What IPA concentration you using? I know something like 30% conc. will go to around -15ish thats something like 150 litres of IPA into a 500 litre tank at full capacity soo thats alot of IPA your using? and the extra expense!!! (Circa £400 when ive ordered 200 litres before) Ummm ...


----------



## JJ_ (Oct 26, 2005)

http://cgi.ebay.co.uk/1-5-KW-Immers...arden_Hearing_Cooling_Air&hash=item519685a22e

I use this with no problem, I have devised a very simple thing which clips onto the bucket and the element happily sits in the middle of the bucket about 1" short of the plastic bit at the top.

Dunno what the pull is like on electricity no worse than a 1500w convector heater which a few of us may have on this winter.

Not sure how safe/effective it would be in a plastic tank for the valeting side of things, on plus is if you could safely secure it then you could heat the water as you drive


----------



## -Ashley- (Nov 19, 2010)

I'm using a concentration of 20 litres for a full tank. It lowers the freezing point enough to stop it freezing on customer's drives etc. The guy who I bought it from worked it out and I think that takes the freezing point down to -4 ish. And it's never below that in the day where I am so all is good.
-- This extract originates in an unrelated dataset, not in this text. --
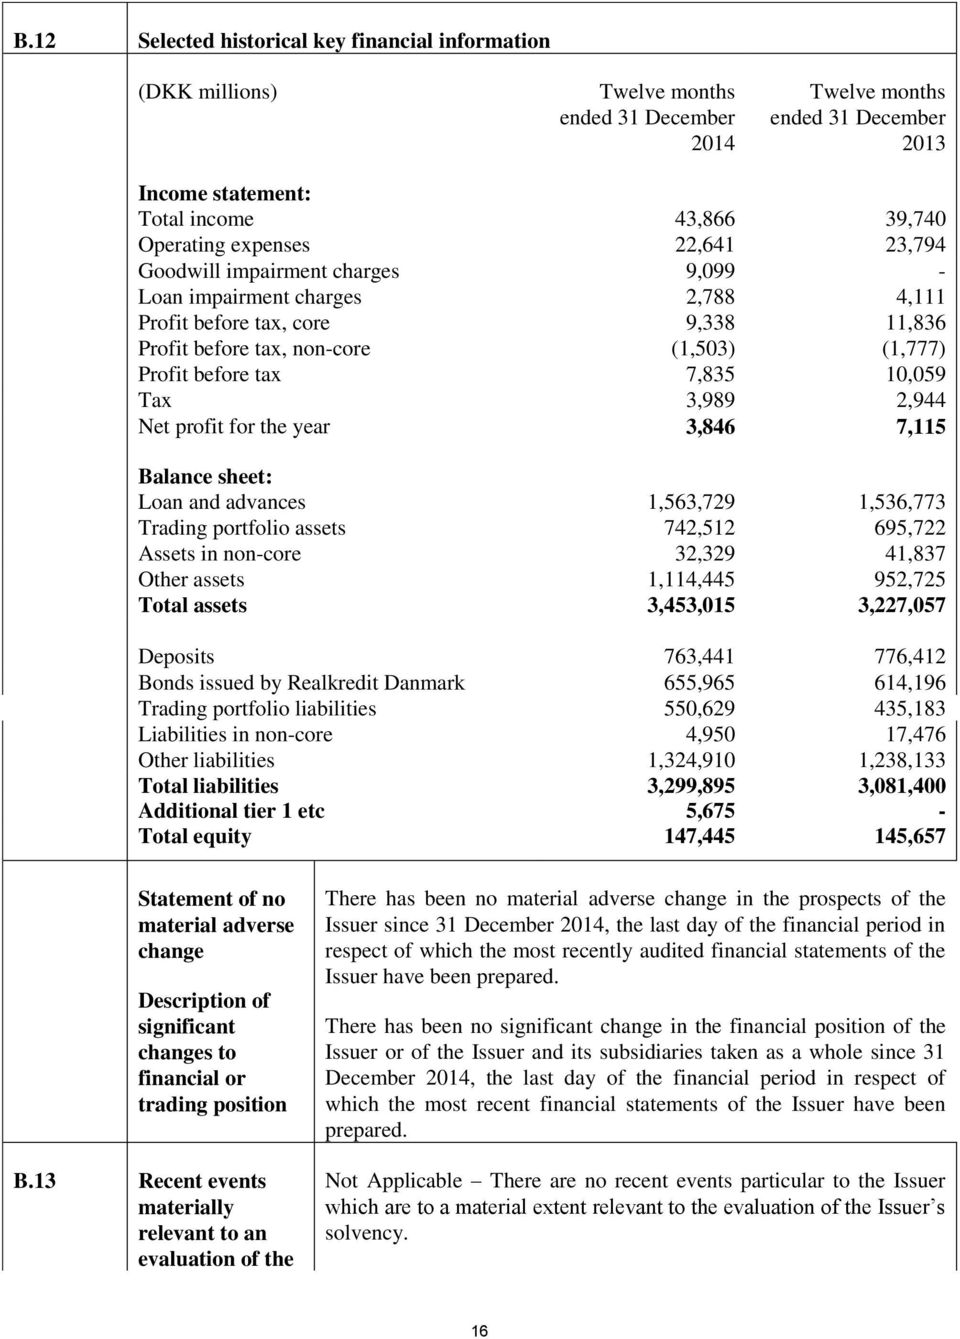 10,059 Tax 3,989 2,944 Net profit for the year 3,846 7,115 Balance sheet: Loan and advances 1,563,729 1,536,773 Trading portfolio assets 742,512 695,722 Assets in non-core 32,329 41,837 Other assets

Also I can get it for £1 a litre, not £2 

I also can't use a heater such as the one linked to above as the metal element will spoil my de-ionised water.


----------



## amiller (Jan 1, 2009)

JJ_ said:


> Hey man I remember that thread but that was based on the one I thought I was getting at 500w, I now have the 1500w and it heats up in the time it takes me to snow foam a car and jet wash it off. 15L of water that is but thats about all I need to wash my own car.


thanks for the clarification!

Do you need 15l for the bucket stage or is that for the PW stage?


----------



## David (Apr 6, 2006)

Defined Reflections said:


> i also snapped the tap switch of my watertank


mines has done the same, must have been brittle, i went to turn it on and the tap swivel snapped off (thankfully the ball valve was in the closed position)

having to use my honda petrol washer just now until such times it becomes warmer and can get rid of any ice from the tank etc and get a new tap


----------



## JJ_ (Oct 26, 2005)

Hey man, just the pressure washer stage. I use the hot water to jet the car down and apply snow foam. Does depend how manky it is to start with as I presume I could go more at this time of the year :lol: 

I am in the middle of getting a larger bucket 25L and permanently linking the heating element and also putting a tap on the bucket so that I can have hot water. Its about half the price of an urn and its a bit more fun too lol! 

Demon tweeks offer a 260 degree, heat resistant sealant which should do the job for mounting the heating element. I would always be with the element right enough because it has no thermostat so it just keeps on going and going! 

Ill maybe do a post on the build of it, it is from the ukraine though so I take no liability for this !! haha


----------



## JJ_ (Oct 26, 2005)

Sorry guys I eat my own words, just found this reconditioned. I imagine the heating element is as thats probably the only thing that goes on these.

http://cgi.ebay.co.uk/SWAN-20-LITRE...374647&cguid=d4dedb611270a0e202012411ff10a8cc

£35.00

CHEAP AS CHIPS


----------



## ianFRST (Sep 19, 2006)

just put a heater in the back of the van?

surely a warm van wont cause a tank to freeze, and theres no arsing about with heating elements, that, lets be honest, if you're buying off ebay, wont be the best quality:lol:


----------



## Typhoon 180 (Oct 26, 2006)

^^^

as above i have a little 450watt oil filled radiator in the back of my van and that keeps it warm enough for nothing to freeze, 

or the other tip to stop your washer from freezing is to empty your tank and then go an buy some cheap and nasty screen wash, pour some of this into your tank and then run your washer enough so it sucks some of the screen wash through, this will not freeze then :thumb: obviously rinse it out before using it next :lol:


----------